Before you rip the heck out of me, this party started the game at Level 3, and I haven't been loading them up with money/loot so I (stupidly) figured that they wouldn't want to drop a lot of money on items at the marketplace and that it could just be eyewash/background for the game. Nope, I made it too attractive apparently and they were strolling around buying textiles to have tailoring done! The uh, "textile vendor" was...flailing to establish costs for their wares. I was panicking and looking at the DM screen because it has the little section in the upper right for Food, Drink & Lodgings so I could sort of gauge how much a yard of fine fabric would cost relative to a bottle of wine! It turned out being fun RP but man was that stressful.
Mainly this is a cautionary tale for newer DM's. Don't create an attractive/interesting place for the sake of story and have no content prepared for it. Also, spend some time deciding on how much "magic" you are going to have in your game. Are alchemists (potions), enchanters (magic items) and arcanists (identify spell, etc) commonplace or rare? Have a vendor/list of items and cost ready to go as suggested above even if you don't use them. As for how to handle the more common items, the suggestions above are solid. I would only add that you should have an idea as to whether or not it's worth the time to RP all of these interactions or gloss over them and just have the PC look up the cost for stuff in the PHB and subtract it from their money (with maybe some thought as to whether there is a premium above and beyond the costs in PHB or maybe prices are lower for some reason).
The party has just finished questing and they are ready to spend their hard-earned coin. Luckily, they have reached a big city and are ready for a shopping trip.
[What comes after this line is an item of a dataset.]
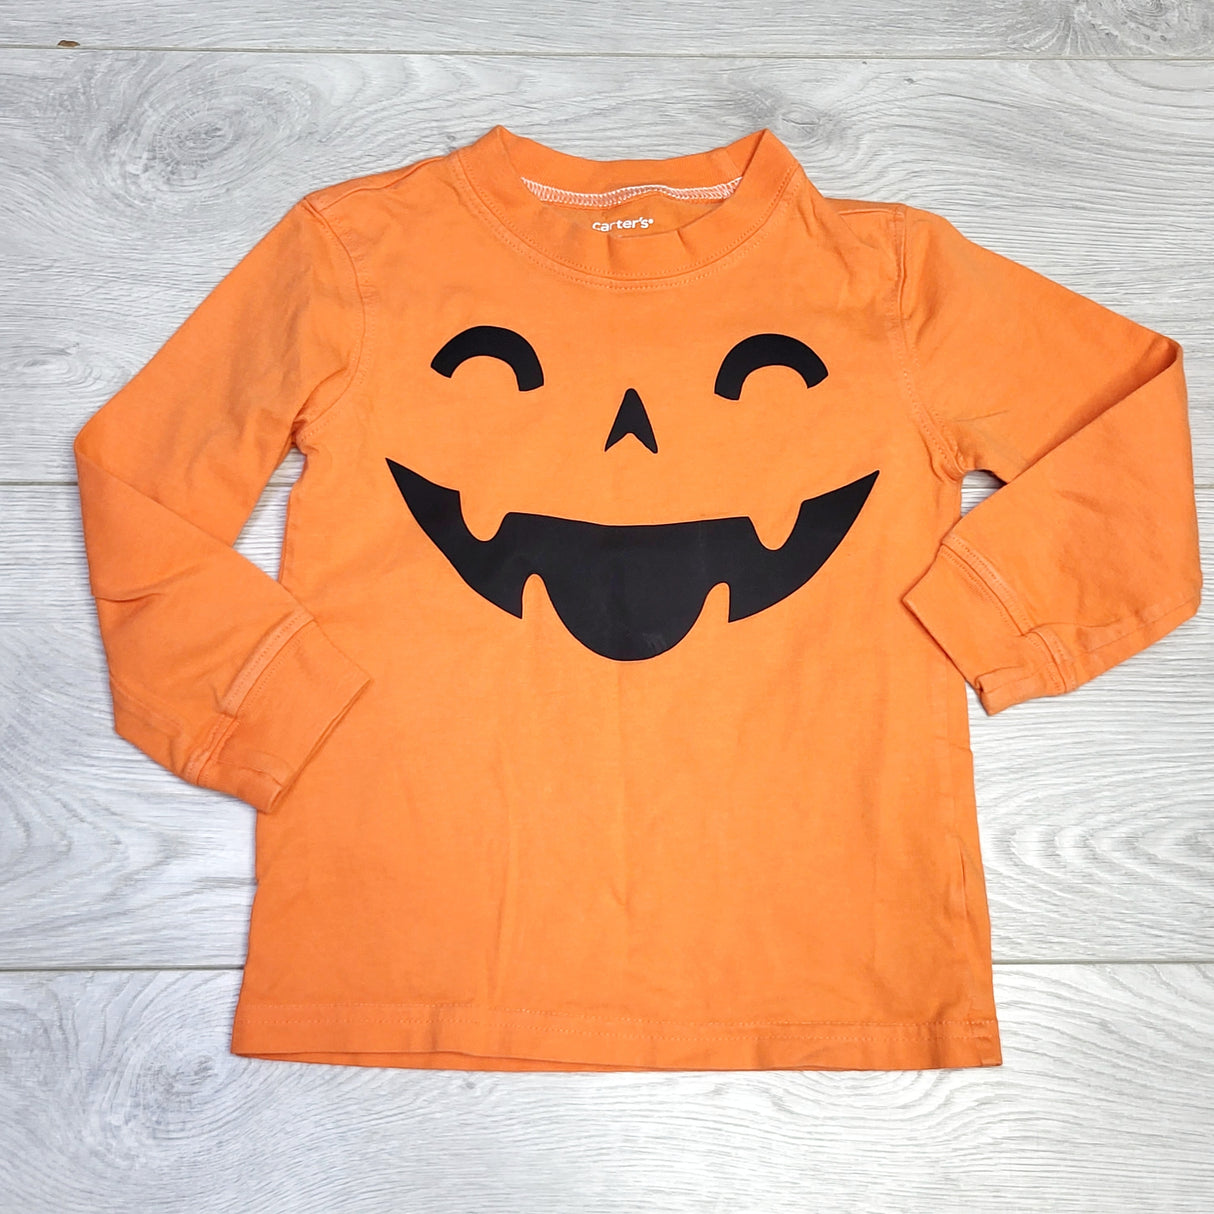 KJHN2 - Carters orange Jack-o-lantern long sleeved shirt. Size 2T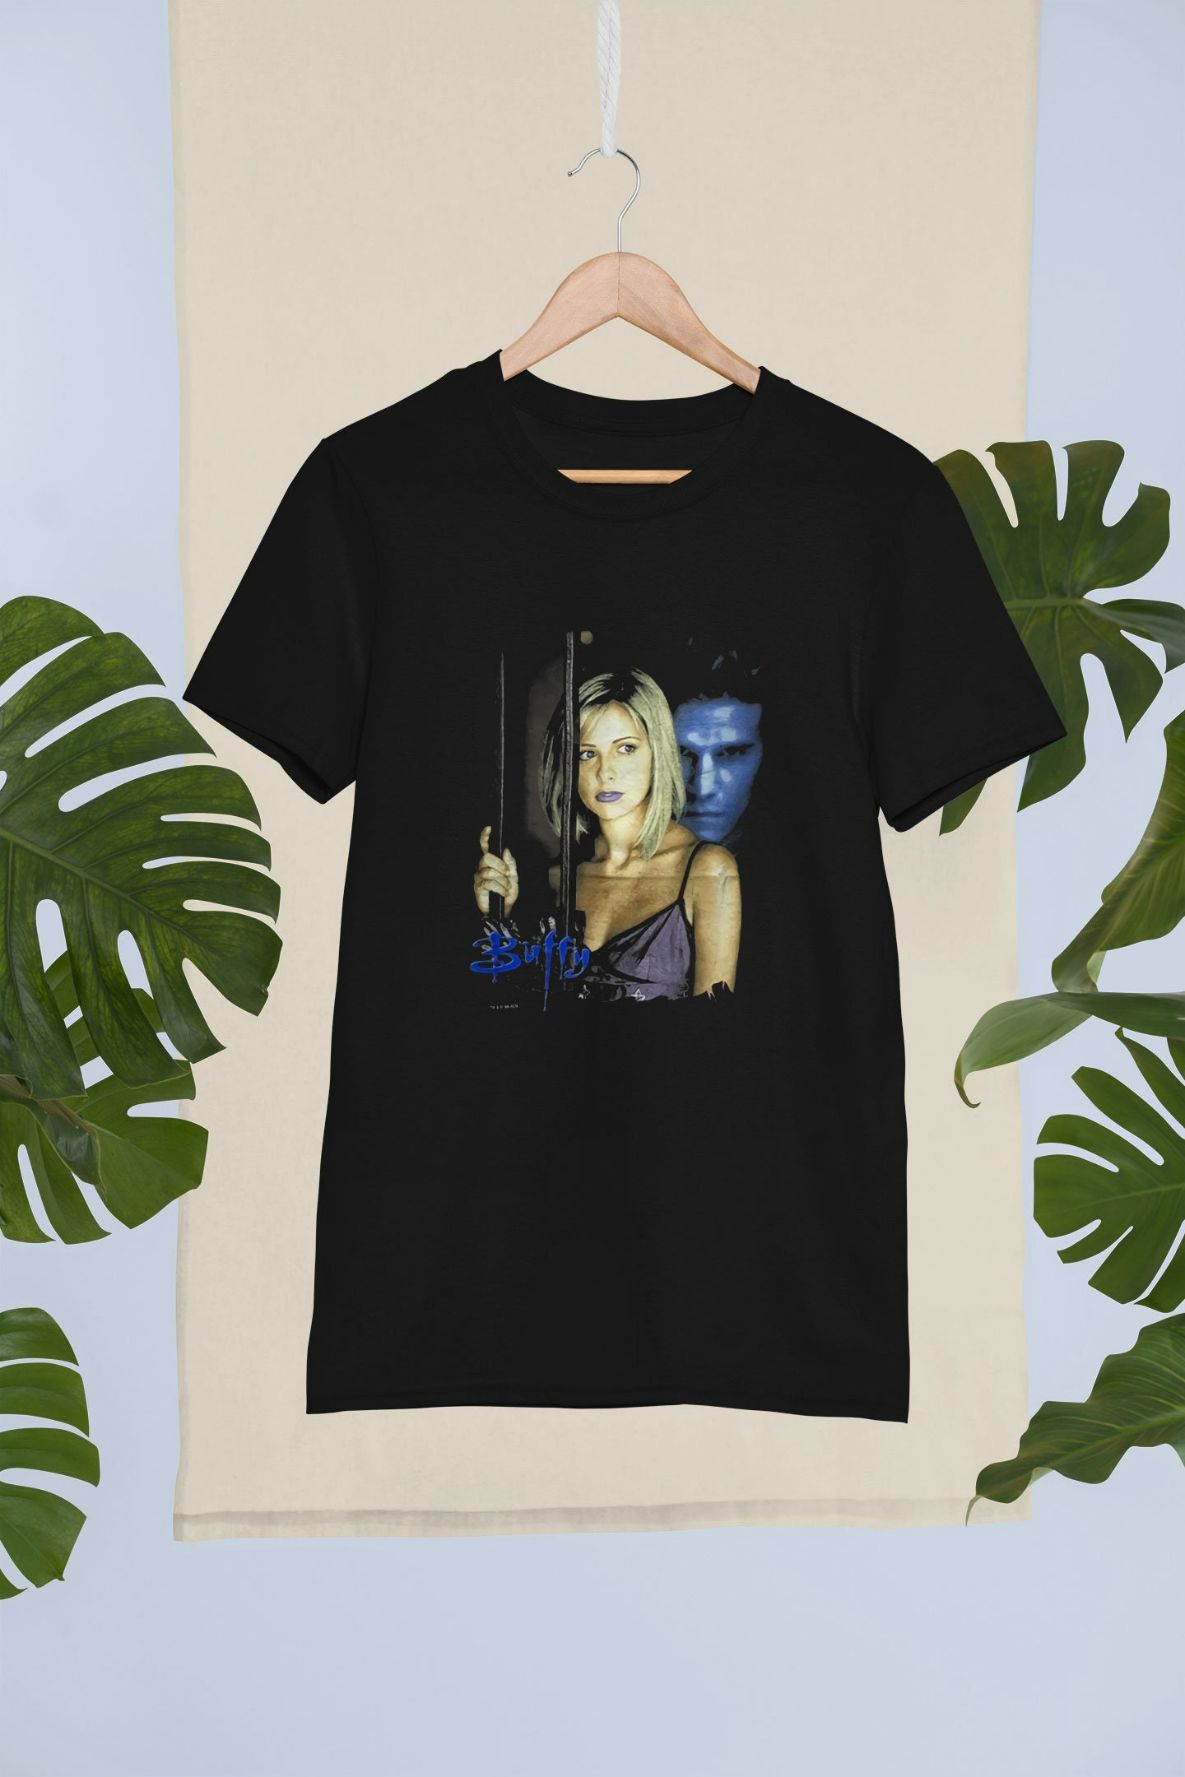 1998 Buffy The Vampire Slayer Buffy Angel Angs T-Shirt

How do you go about roleplaying this? Do you find it worthwhile to roleplay every transaction, including mundane objects like sacks of flower and ball bearings, or do you just tell the players to look through the player's handbook and buy things according to the price listed? Is there a middle ground? If so, how do you achieve this balance? I'd love to hear your thoughts.
I would also like to know how you categorize shops when creating your own. The classifications which spring to my mind are
1. General Shops- for mundane items which the average civilian might buy
2. Magic Shops- which sell magic items, scrolls, and other wizarding necessities
3. Weapon Shops- to which sell stabby things
Is there anything I'm missing? Would you separate my classifications even further? (e.g. have the potion shop be its own separate location)
I hit up Ye Olde Magick Shoppe generator at https://donjon.bin.sh/5e/magic/shop.html for names and descriptions unless I feel like making my own shops and shopkeepers.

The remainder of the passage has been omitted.